JUDGMENT 1. This second appeal has been filed under section 100 CPC arising out of the judgment and decree dated 27.9.2010 passed by the learned District Judge, Vidisha, in Civil Appeal No.25-A/2010, whereby the judgment and decree dated 29.3.2010 passed by the IV Civil Judge, Class II, Vidisha, in Civil Suit No.75-A/2009 has been affirmed. 2. According to the appellant, his fore-fathers had obtained ownership rights in relation to the land contained in survey No.47 measuring 2.257 hectares situated in village Mehdon,Tahsil Gyaraspur District Vidisha and as such his grand father Tarwar Singh was declared to be Bhumiswami by an order dated 21.2.1969 by the Sub-Divisional Officer, Vidisha, therefore, notification declaring the said land as reserved forest land could not have effect of affecting the title which has already vested in the plaintiff/appellant. According to the learned counsel for the appellant, since his grand-father was a Pakka Krishak at the time of enactment of Zamindari Abolition Act, 1951 as defined in section 2(e) of the said Act, therefore, Bhumiswami rights conferred on the appellant have been arbitrarily disturbed in the light of the notification dated July 25th 1986 declaring the said land as reserved forest. It is also submitted that the notification does not mention name of his village correctly, and therefore, such notification is not binding on the appellant. It is further submitted that in terms of the provisions contained in section 36 of the Indian Forest Act, 1927, service of notice was required to be effected personally on the plaintiff and in absence of such service, findings recorded by the Courts below are perverse. Learned counsel for the appellant has also submitted that the first appellate Court has not adverted to the merits of the case and has rejected the first appeal on the ground of non-maintainability of the civil suit in terms of the provisions contained in section 20 of the Indian Forest Act, 1927. 3. In support of the contention that appellant had become Bhumiswami, appellant has placed reliance on the judgment rendered by this Court in the case of Devi Singh and others v. State of M.P. and others, as reported in 2007 RN 107, wherein it is held that in terms of section 2 (c) of the Zamindari Abolition Act, 1951 Khudkasht” land of Zamindar recorded as “Beed” is to be treated as Khudkasht and not Beed.

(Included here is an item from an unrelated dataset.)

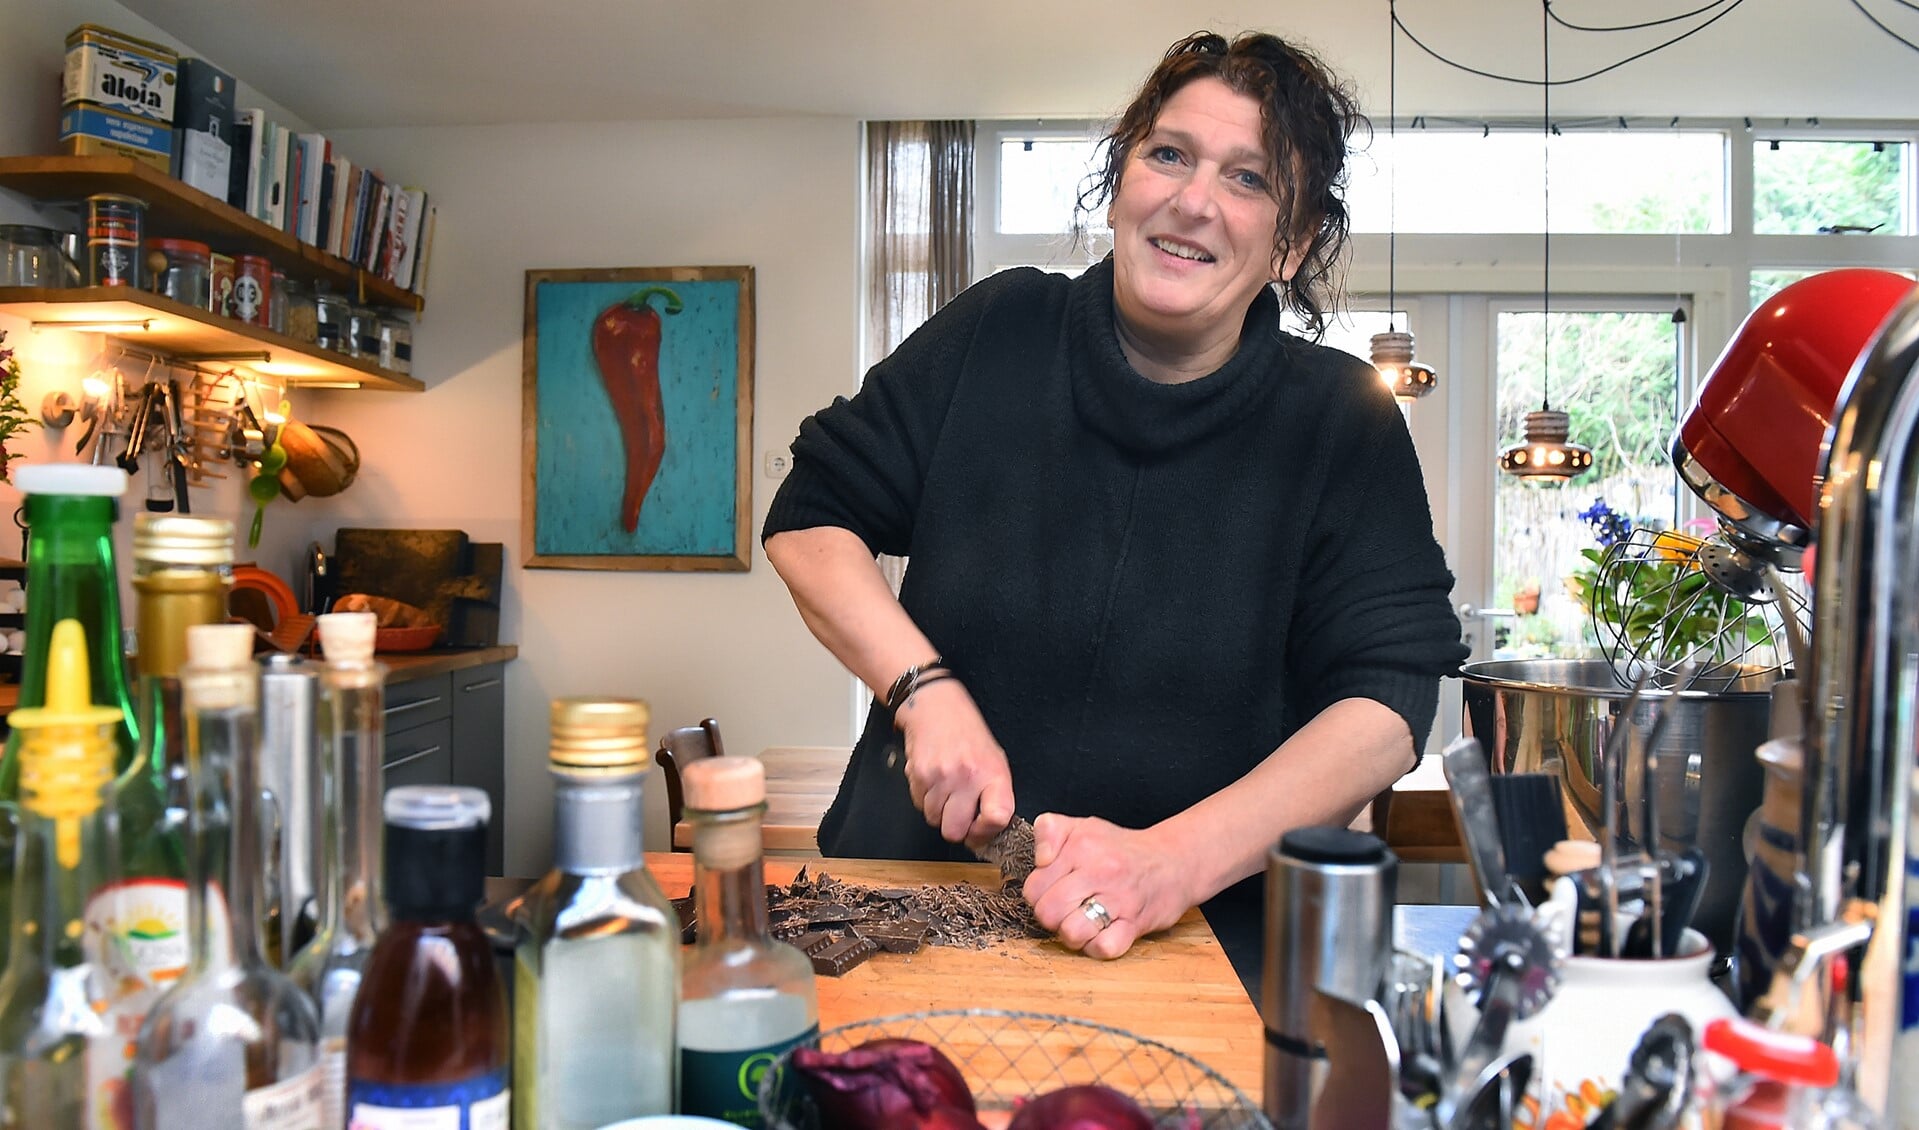 Raffaela Amato: "Mijn passie voor koken zit in mijn genen. Dat heb ik meegekregen van mijn Italiaanse familie." Foto: Roel Kleinpenning

Similarly, reliance has been placed on the judgment in the case of Gordhan Das v. Phirkan and others, as reported in 2002 RN 1 (SC), wherein the Supreme Court has held that defendant's possession since before commencement of the Zamindari Abolition Act if proved, then such defendant acquires the status of Pakka tenant. Appellant has also placed reliance on the judgment of the Supreme Court in the case of Gorabai (Smt.) and others v. Ummed Singh (Dead) by LRs and others, as reported in 2004 RN 201 (SC), wherein land recorded as Khudkast in 1942 when it was given to tenant for 8 years, period of lease expired before the date of vesting, land in possession of the tenant as trespasser on the date of vesting, ex proprietor taking action for restoration of possession, he is entitled to have the possession as ex-proprietor and becomes tenant of government. By placing reliance on these judgments, learned counsel for the appellant has tried to bring home the issue that since his grand father was a Pakka Krishak, therefore, he by virtue of possession, had become Bhumiswami and no interference could have been made in the Bhumiswami rights which had already materialized in favour of the plaintiff by operation of notification dated 25th July, 1986. 4. Learned trial Court has clearly noted that Zamindari Abolition Act was notified in the Gazette on 25th June, 1951 and as per that Act Pakka Krishan has been defined in section 2(e) as under :- “2(e) “Pacca tenant” means Pacca tenant as defined in clause (vii) of section 54 of the United State of Gwalior, Indore and Malwa (Madhya Bharat) Revenue Administration and Ryotwari Land Revenue and Tenancy Act, Samvat 2007” Similarly, section 54 (vii) of the United State of Gwalior, Indore and Malwa (Madhya Bharat) Revenue Administration and Ryotwari Land Revenue and Tenancy Act, Samvat 2007 defines Pacca tenant as under :- “(vii) Pakka tenant-means a tenant who has been or whose predecessor in interest had been lawfully recorded in respect of his holding as a “Ryot Pattedar”, “Mamuli Maurusi”, “Gair Maurusi” and “Pukhta Maurusi” when this Act comes into force or who may in future be duly recognized as such by a competent authority.” 5.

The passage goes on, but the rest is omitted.